Here's the uncomfortable truth about how the field measures its own progress: it holds a competition every three years, scores everyone's methods once, and then largely moves on. That competition, the Critical Assessment of protein Function Annotation (CAFA), is genuinely valuable. It has driven real advances. But between rounds, the landscape shifts. New experimental data rolls in. Models get retrained. Methods fall out of use or become impossible to install. And nobody is watching.
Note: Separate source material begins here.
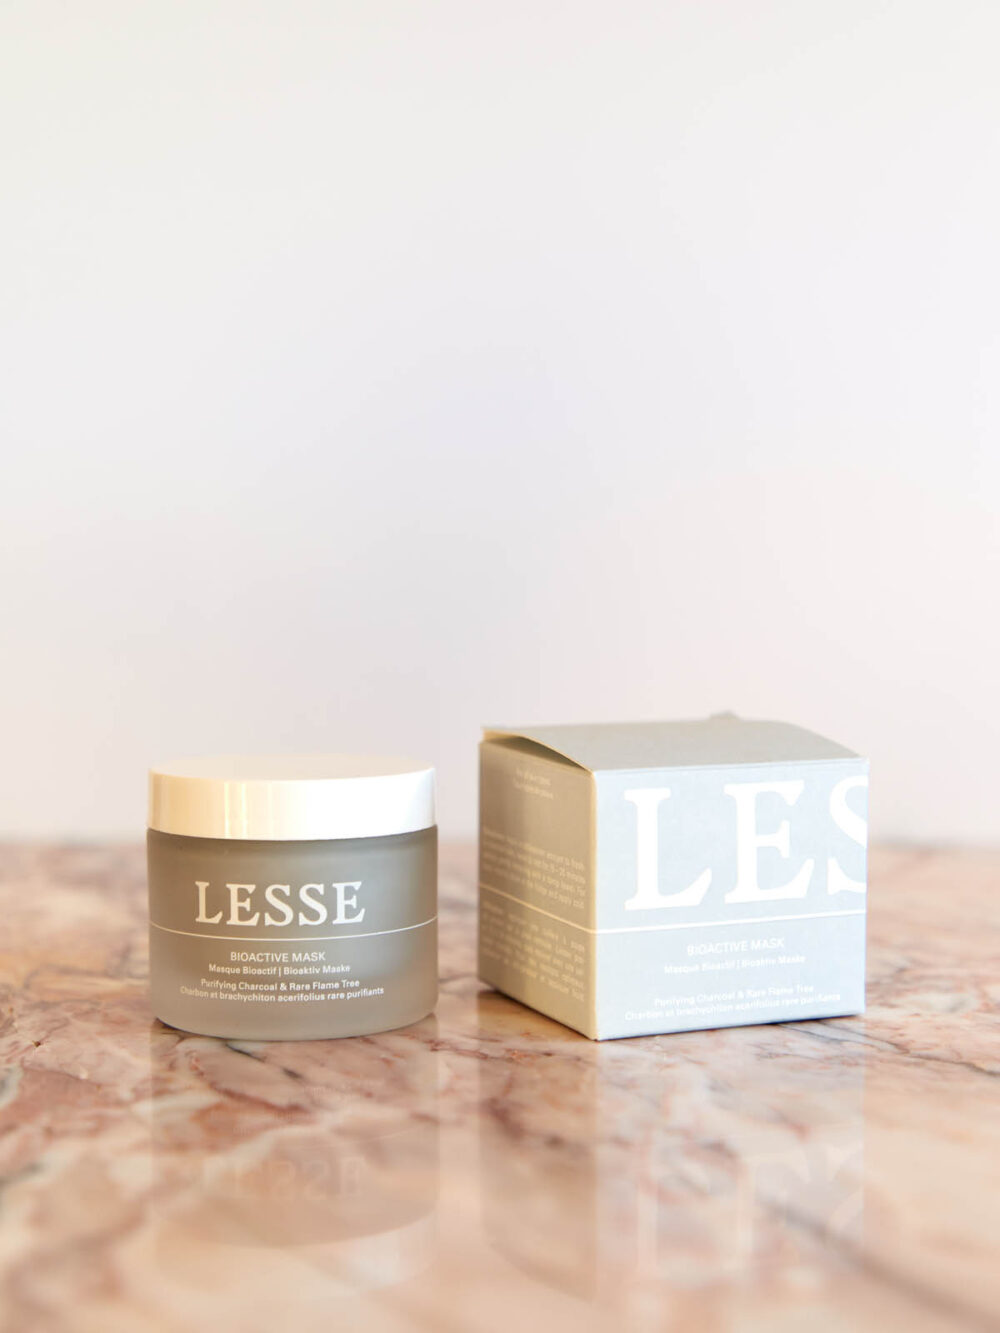 Bioactive Mask by Lesse with box on pink marble
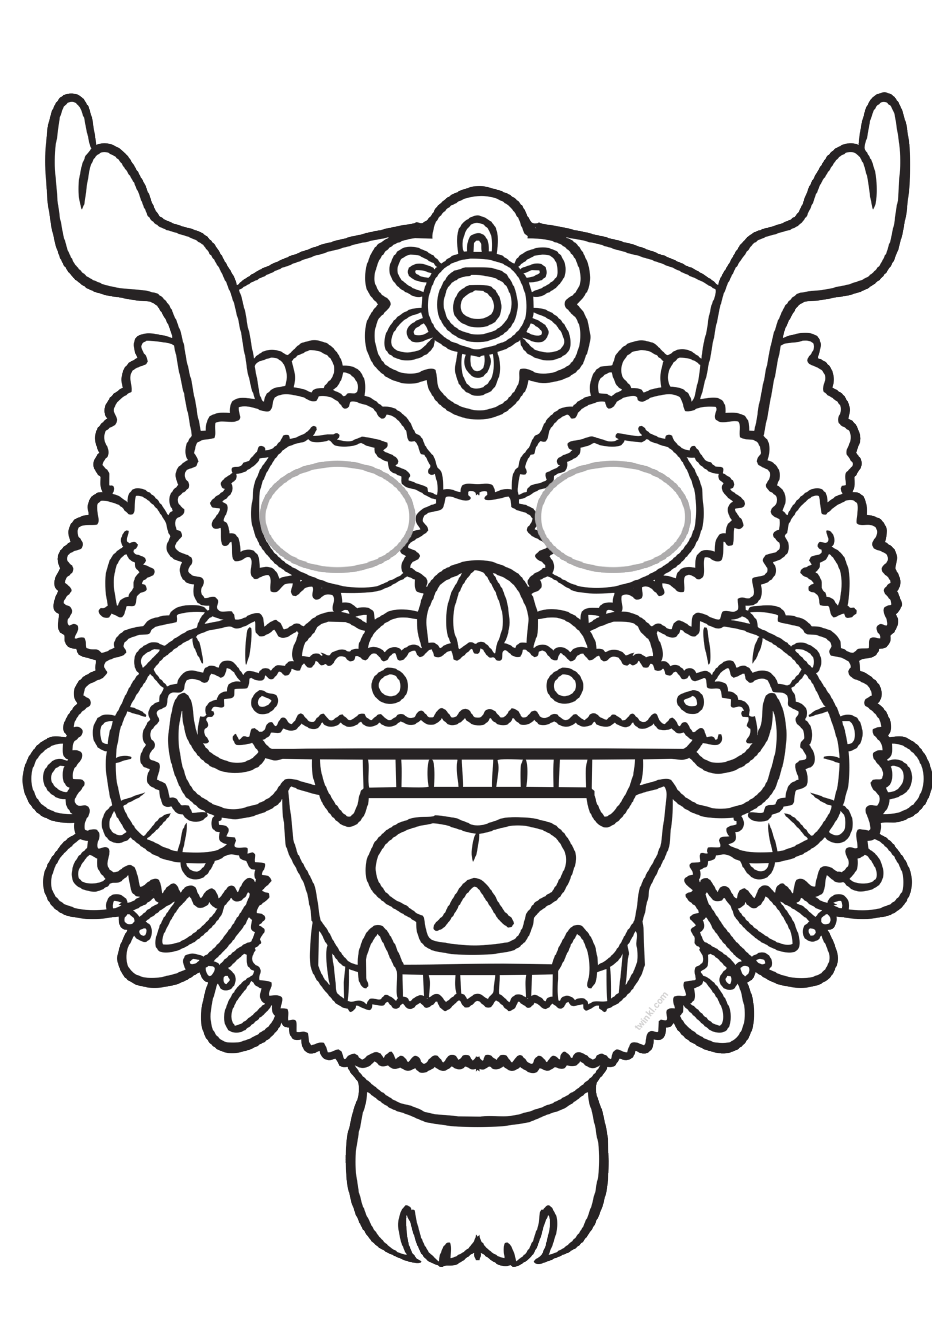 Chinese Dragon Mask Coloring Template, Page 1

A new paper from Phan et al. (2026) introduces LAFA — the Longitudinal Assessment of Protein Function Annotation Models — a persistent benchmarking server designed to replace that three-year silence with continuous, reproducible evaluation.

The Science

To understand why LAFA matters, you need to understand what CAFA actually measures and where it breaks down.

Protein function, in the computational biology sense, is represented using the Gene Ontology (GO) — a structured, controlled vocabulary that describes what proteins do at the molecular level (molecular function), what biological processes they participate in (biological process), and where in the cell they operate (cellular component). Think of it as a universal filing system for biological knowledge. CAFA works by releasing a set of target protein sequences, collecting predictions from competing teams about which GO terms apply to each protein, and then — after a four-to-six month annotation accumulation period — comparing those predictions against newly validated experimental annotations. The method that best anticipates what biocurators will confirm wins.

The design is clever: because the ground truth is gathered after predictions are submitted, there's no way for a method to simply memorize the answer. But the system has a structural flaw that Phan et al. (2026) call the Open World assumption problem. Protein annotation is not a closed book. A method might correctly predict that a protein has a particular function, but if that function hasn't been experimentally confirmed and curated into a database by the end of the accumulation window, the prediction is effectively penalized. The method looks wrong when it was, in fact, right — just ahead of the evidence. Over three years, a great deal of evidence accumulates. Methods evaluated at a single snapshot may be systematically misevaluated, and nobody can easily check.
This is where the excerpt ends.